The Japanese currency rallied by as much as 1.1% against the dollar, the most in a day since mid-December, and made gains against the euro and sterling.

The euro was last 1% lower at 161.22 yen, while the pound fell 0.8% to 188.54 yen.

BOJ board member Junko Nakagawa said on Thursday Japan's economy was moving steadily towards sustainably achieving the central bank's 2% inflation target.

Her comments come one day after Jiji news agency reported that at least one of the central bank's nine board members is likely to say that removing negative interest rates would be reasonable at this month's policy meeting.

The yen has gained nearly 1.8% in the last three trading days alone, thanks also to data that has shown inflation, and specifically wage inflation, continues to pick up in Japan.

"The market, over the last couple of days, has started to buy into the idea that the BOJ are probably quite close to getting rid of negative rates and that could actually come as soon as two weeks’ time," Pepperstone strategist Michael Brown said.

"There seem to be a number of jigsaw pieces that the BOJ want to see in order to deliver that hike - and we’re only talking about a 10-basis point hike, but it’s significant nonetheless - it seems like everything is starting to fall into place," he said.

The yen has been under pressure for most of the past two years because of the gap between sub-zero Japanese interest rates and a global rise in rates, as other major central banks aggressively hiked interest rates to tame inflation.

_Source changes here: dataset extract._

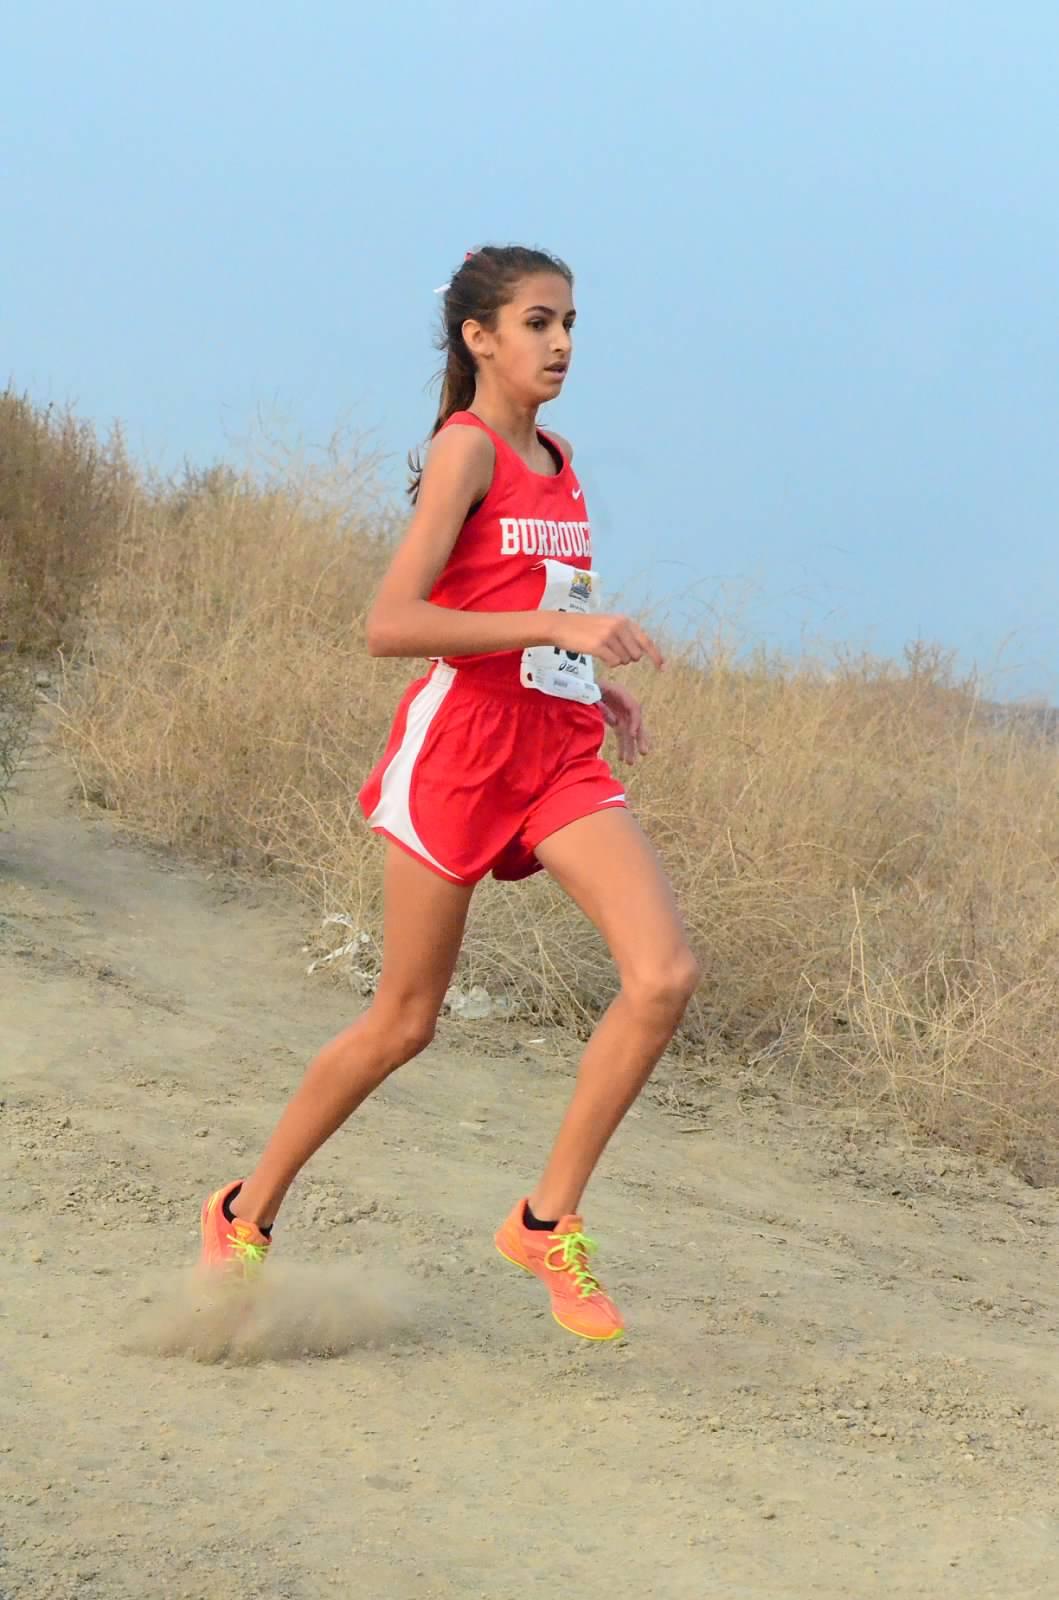 John Burroughs High School's Emily Virtue runs a cross-country terrain course. (Photo Courtesy of Oscar Eligio)

A move by the BOJ away from negative interest rates would coincide with growing bets on rate cuts elsewhere - particularly from the Federal Reserve - which would give some much needed support to the battered Japanese currency.

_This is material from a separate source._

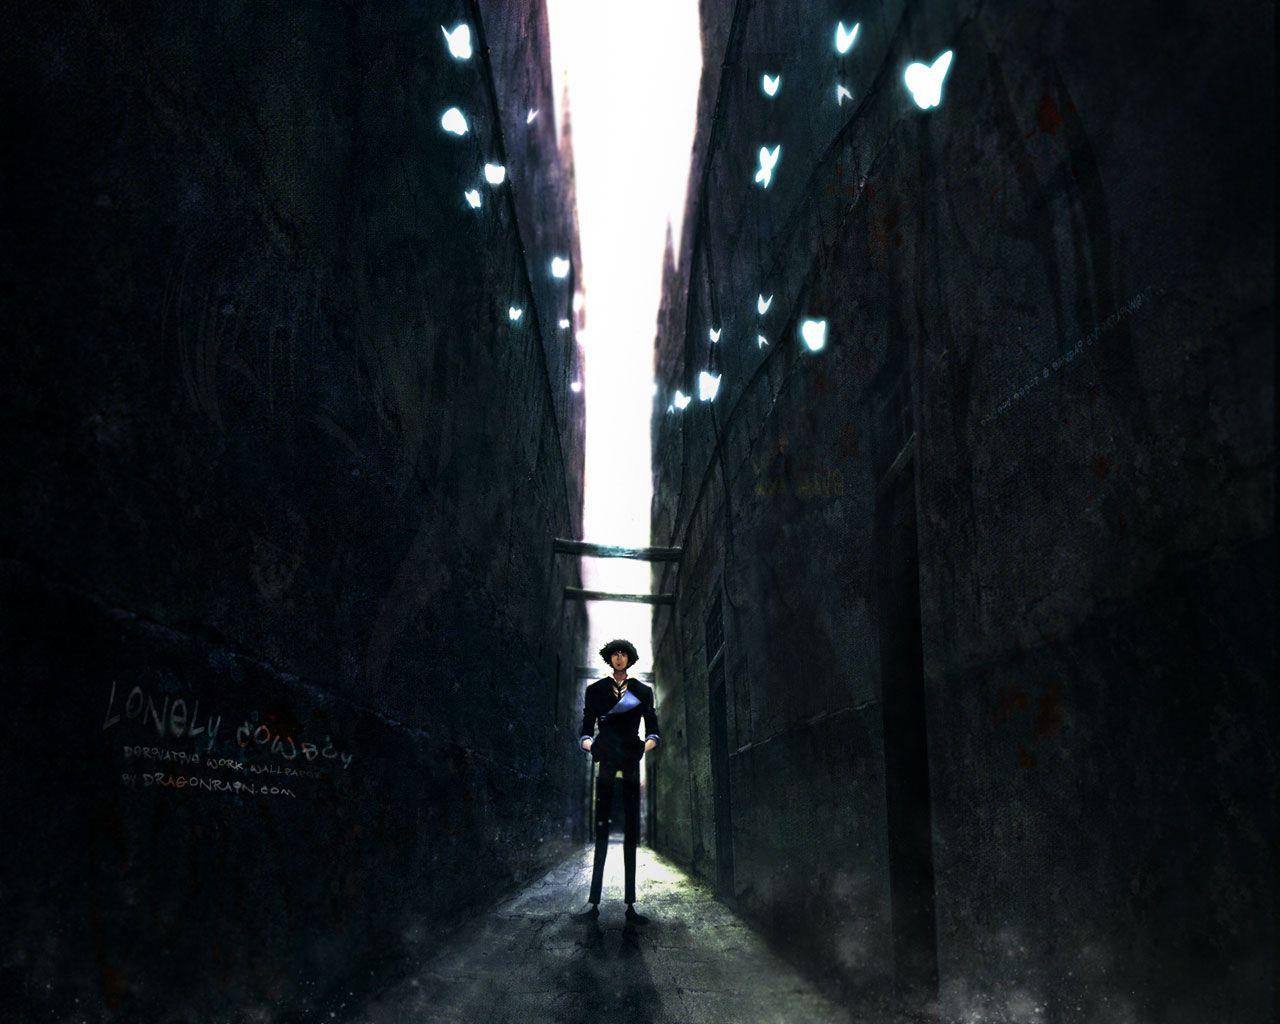 Cowboy Bebop Wallpaper: Dark Alleyway

In the broader market, traders warmed to the idea that U.S. rates are likely to fall this year, even if inflation is still persisting longer than expected, which dented the dollar.

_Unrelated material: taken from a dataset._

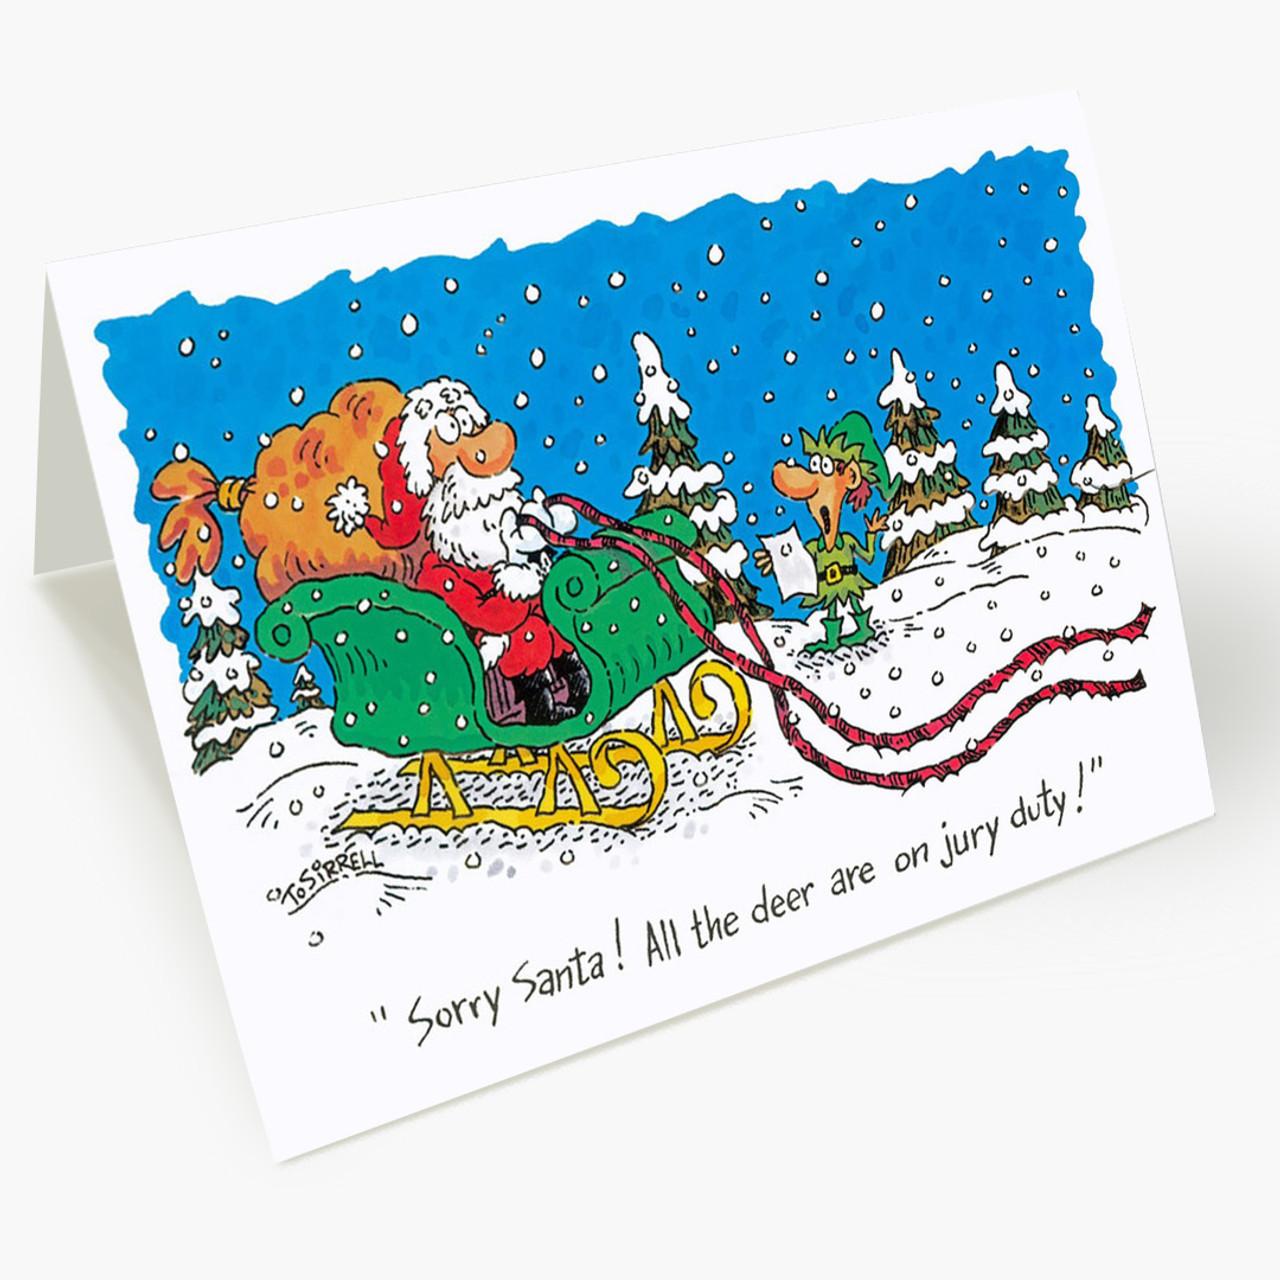 Jury Duty Christmas Card

Fed Chair Jerome Powell said on Wednesday rate cuts will "likely be appropriate" later this year "if the economy evolves broadly as expected" and once officials gain more confidence in inflation's steady deceleration.

Those remarks, coupled with data released the same day that pointed to an easing of labour market conditions, sent U.S. Treasury yields skidding, which in turn pushed the dollar broadly lower.

Carol Kong, a currency strategist at Commonwealth Bank of Australia, said Powell's comments were less hawkish than some had expected.

"Markets were likely relieved that Powell didn't change his risk assessment on inflation even after the January CPI figures," she said.

All of that left the greenback pinned near a one-month low against a basket of currencies. The dollar index edged 0.07% lower to 103.26.

The euro and sterling held near one-month highs struck in the previous session and last bought $1.0897 and $1.2743, respectively.

The ECB releases its decision on interest rates later on Thursday. The central bank is not expected to make any changes to monetary policy this month.

The yuan was little changed and last stood at 7.208 per dollar in the offshore market, brushing off China's stronger-than-expected export and import growth in the January-February period.

Over in the cryptoverse, bitcoin retreated from a record high struck earlier in the week, but still rose 0.35% on the day to $66,682, while ether fell 1.6%% to $3,787, having peaked at an over two-year high on Wednesday.